At some expense, of course. The studio believes in this policy to the point that it burns money to uphold it.

I actually conducted the interview with Bobin quoted above on the very same day I first met Kermit the Frog on set. Now, because I met him in person, of course, there was absolutely no chance of the rods being digitally removed. I got to see Kermit in all his glory, controversial appendages and all. And did they distract me? They couldn’t possibly have been any less distracting.

Here’s the truth. Before I went along to meet Kermit, I was warned by my wife and several friends that I might be making a mistake. Did I really want to peek behind the curtain? Did I really want to see how sausage is made? The truth is, this meeting with a Muppet didn’t shatter his magic at all. If anything, it just magnified the enchantment massively.

I have talked and talked and talked about my encounters with Kermit over and over again. If you’d like to hear me wibble on about him on Radio 4, that’s still online, and there’s also an edition of the True Stories podcast in which I stand on stage and tell a live audience a couple of my Kermit stories. The upshot is, I suppose, that while I’ve seen Kermit’s rods – and Piggy’s rods, and Constantine’s rods, and Walter’s rods – they didn’t seem out of place, distracting or in any way distancing.

No more, really, than how the nose on your face will stop me seeing you, or reading your expression.

The Muppet Christmas Carol

Does this mean I think rods should be left clearly visible in all future Muppet productions? No, not necessarily. It was Bobin’s choice to erase them during the original making of his  film, and he clearly had the cast on side – the Muppets came back and made another movie with him just a year or so later. But there’s a difference between making certain choices during post production and making them again post-release.

Disney+ has doctored a film that worked just perfectly for many years – I defy anybody to find a review of the film from the time of its original release that calls for rod removal FX. And just like, say, the digital graffiti painted on the original Star Wars trilogy, these edits remind us that big corporations can very easily make the films we know and love, at least in the precise way that we originally knew and loved them, go away.

In the words of Dave Goelz, close personal friend to Gonzo the Great:

The rod removal costs a lot of money. I have to confess, I never even notice whether they’re there or not.

There is hope of a full re-rodding for at least one of the movies, albeit only a tiny, faint glimmer. Next year is the 30th anniversary of The Muppet Christmas Carol, which seems like a very opportune marketing window for the newly-restored version of the film to roll out. Brian Henson saw the full cut of the film over a year ago now, complete with the long-dumped When Love is Gone number, so we know it’s more than ready for release.

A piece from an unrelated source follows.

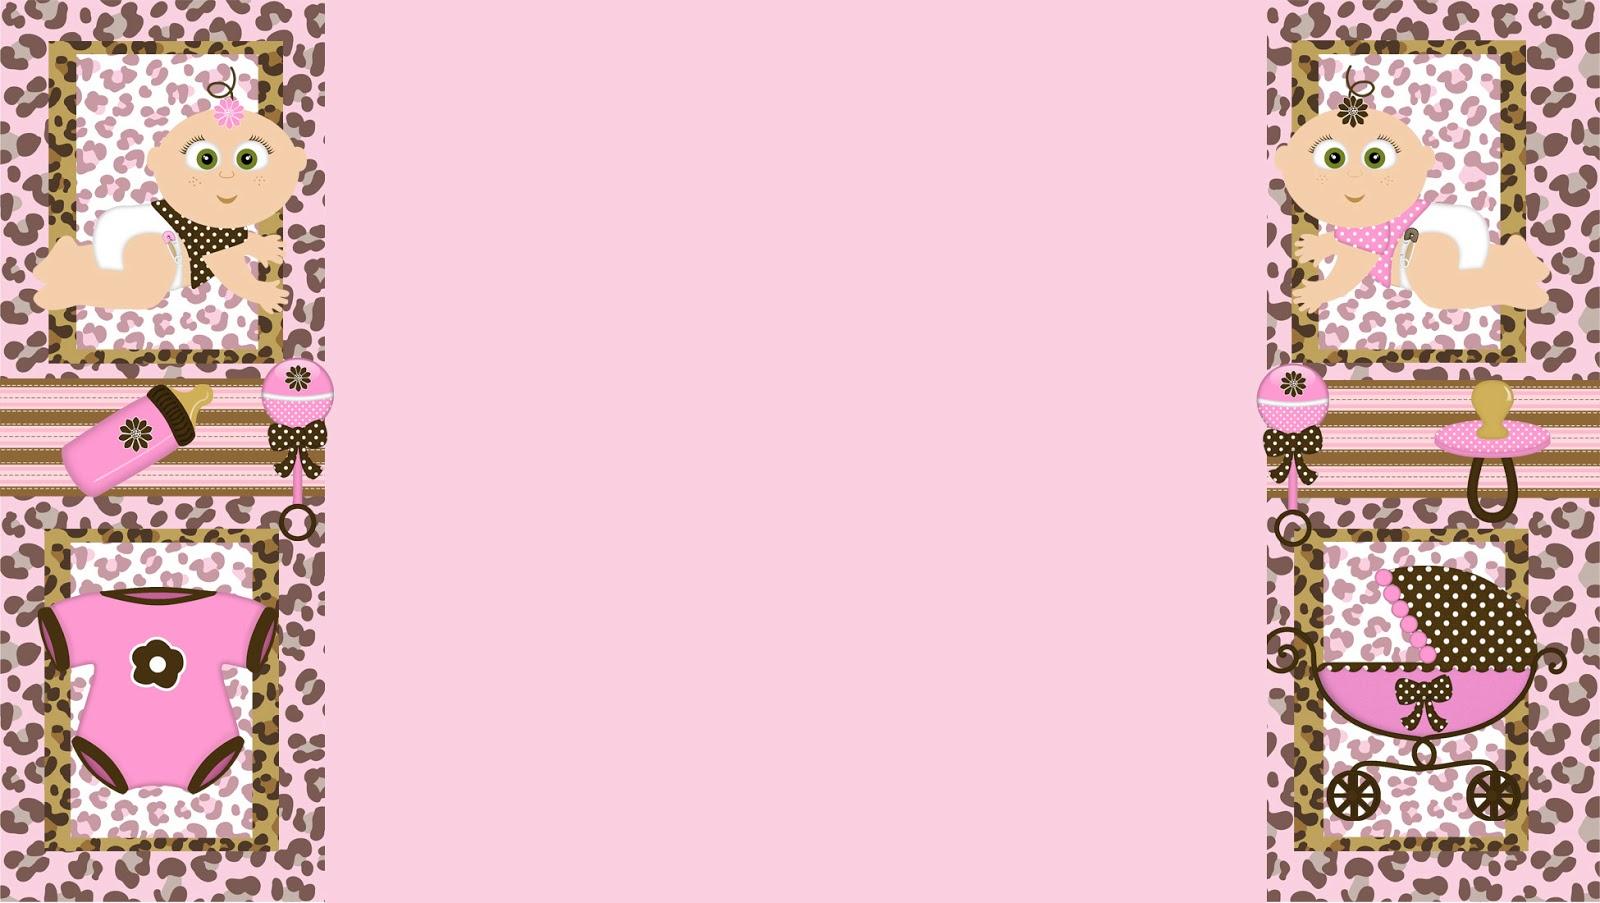 Baby pink cheetah print background - photo#26

But will it be a rod-filled or rod-free version of the film?

Perhaps sadly, I’m thinking Disney is going to stick to their rod-erasing ways. But maybe not. Maybe it’s going to play the ‘How it was originally intended’ angle to the max. Perhaps we’re about to see rods restored, and Bob Cratchit’s gloriously sticky anatomy will be returned to its lovely, roddy glory.

What would Jim Henson have made of digital rod removal? I can imagine he’d have been all for it, in fact, but I don’t know – and I don’t know if anybody does. In any case, even if these rod-lite re-edits would be Jim-approved reversions, I really do still feel weird about old films vanishing from circulation.

Can we not have both rod-positive and rod-negative versions of The Muppet Christmas Carol on Disney+, please? I’m sure they’ve got the server space for it.